Washington was one of the team's deep threats, which is exactly the type of receiver Tennessee lacked. Washington is averaging 16.4 yards per reception for his three-year career, more than any other Tennessee receiver. Washington's biggest problem is size. He is only 6-1 and 185 pounds, and has taken some hard hits during his career. However, Washington can play, and is just beginning to hit his stride.

Another physical receiver on Tennessee's roster is rookie Kenny Britt. Britt was drafted as a junior out of Rutgers who showed tremendous ability in the Big East. In his junior season, he recorded 87 receptions for 1,371 yards and seven touchdowns. He was often regarded as a physical threat with the Scarlet Knights, but has had several criticisms. Some don't like his hands, and say he is too inconsistent. Some don't like his attitude.

However, those close to Britt, such as head coach Greg Schiano and teammate Tiquan Underwood state that the questions about Britt's personality are irrelevant. Schiano calls him one of the hardest workers he's ever coached. Britt, like Gage, has a tough style of receiving. He uses his size (6-3, 218 pounds) and speed (4.4 40 yard-dash times) well together. He is also the only first-round talent (on draft day, that is) on the Titans' roster. He figures to be solidly in the top four receiver rotation. 

While Tennessee's wide receivers don't run much deeper, (perhaps you could consider Lavelle Hawkins) the tight end group in Nashville figures to be one of the best in the NFL. Some of the tight ends include Bo Scaife, Alge Crumpler, Craig Stevens, and Jared Cook.

Scaife has always been a solid tight end for Tennessee. Since his entry into the league in 2005, Scaife has not recorded fewer than 29 catches. Last season was his breakout, when he recorded a team-leading 58 receptions for 561 yards and a pair of scores. Scaife is definitely a possesion receiver, as he averages just 9.6 yards per catch. However, Scaife was relied on early by Kerry Collins and Vince Young this season.

Scaife truly is underrated, and is ready for another strong season in 2009. However, the fact that he is only 6-3 and 250 pounds don't compute very well together. Scaife relies on pure strength for yardage and touchdowns. He figures to be the top tight end on the depth chart for next season.

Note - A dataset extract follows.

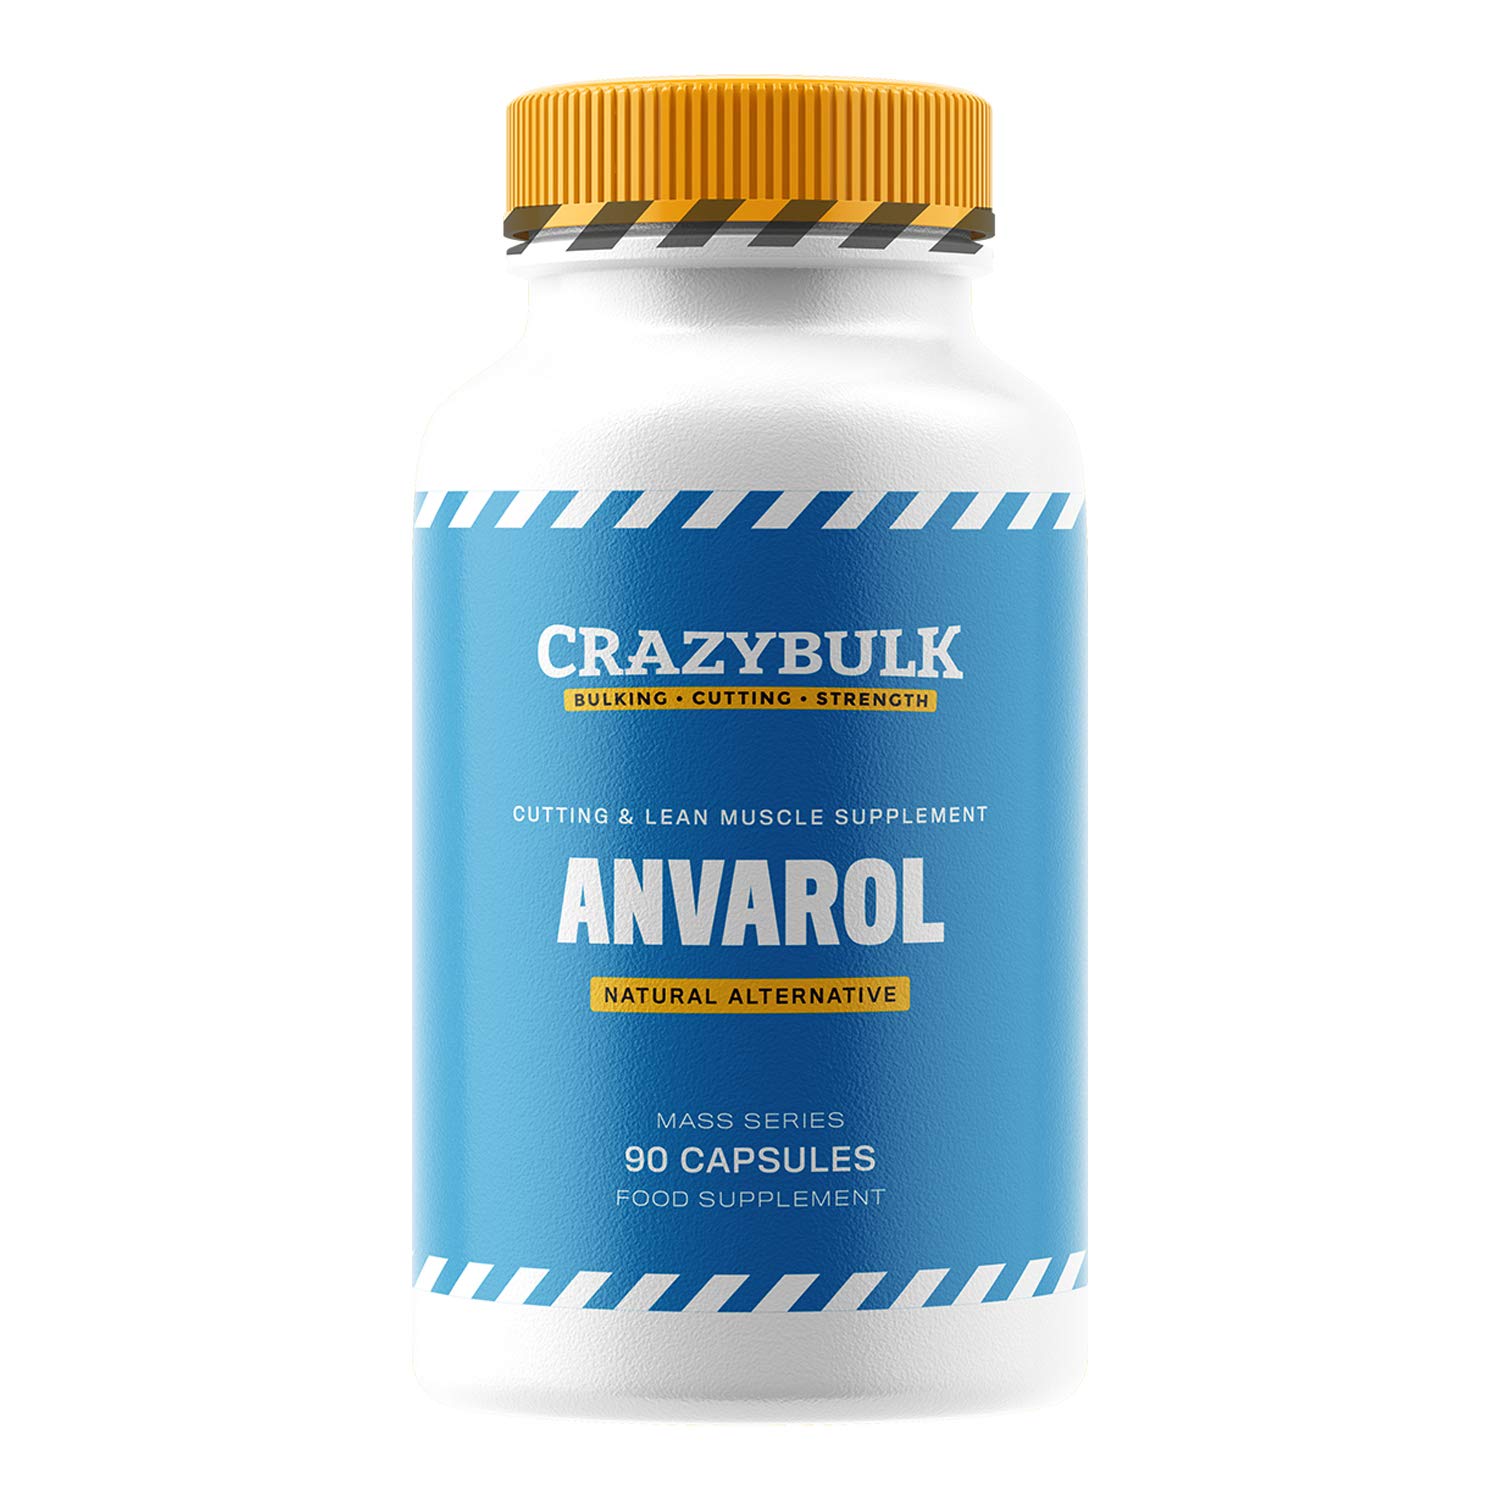 avarol - Does Anavar Increase Weight? Exploring the Facts and Risks

Jared Cook, the rookie from South Carolina, could easily be next on the depth chart. Cook is very agile and a strong receiver. He is 6-5 and 240 pounds, and is ready to catch passes. He can be streaky, but even some of the greatest receivers would be with quarterbacks like Chris Smelley and freshman Stephen Garcia. The wisdom of Collins should allow Cook for more offensive production than what he had with the Gamecocks.

Cook left South Carolina as a junior and recorded 37 receptions for 573 yards and three touchdowns. Cook needs to improve his blocking ability, so he will need to probably put on some muscle and be more versatile. However, don't underestimate Cook. He truly was one of the best in one of the strongest group of tight end draftees in a while.

Crumpler and Stevens will most likely fight for the third spot. Crumpler's experience gives him an edge, but Stevens' youth and great blocking ability are better than that of the aging Crumpler. It seems unlikely that Tennessee will keep all four tight ends, so it is likely that at least one of the two is cut or traded by season's beginning.

Though, with the five man rotation of Gage-Washington-Scaife-Britt-Cook, Tennessee seems much better off than last year's Crumpler-Gage-Jones-Scaife-McCareins. Tennessee has added youth and speed to there other wise group of bruising receivers. Expect the Titans to boost themselves from 28th to the top half of the league. This group of receivers' potential is endless.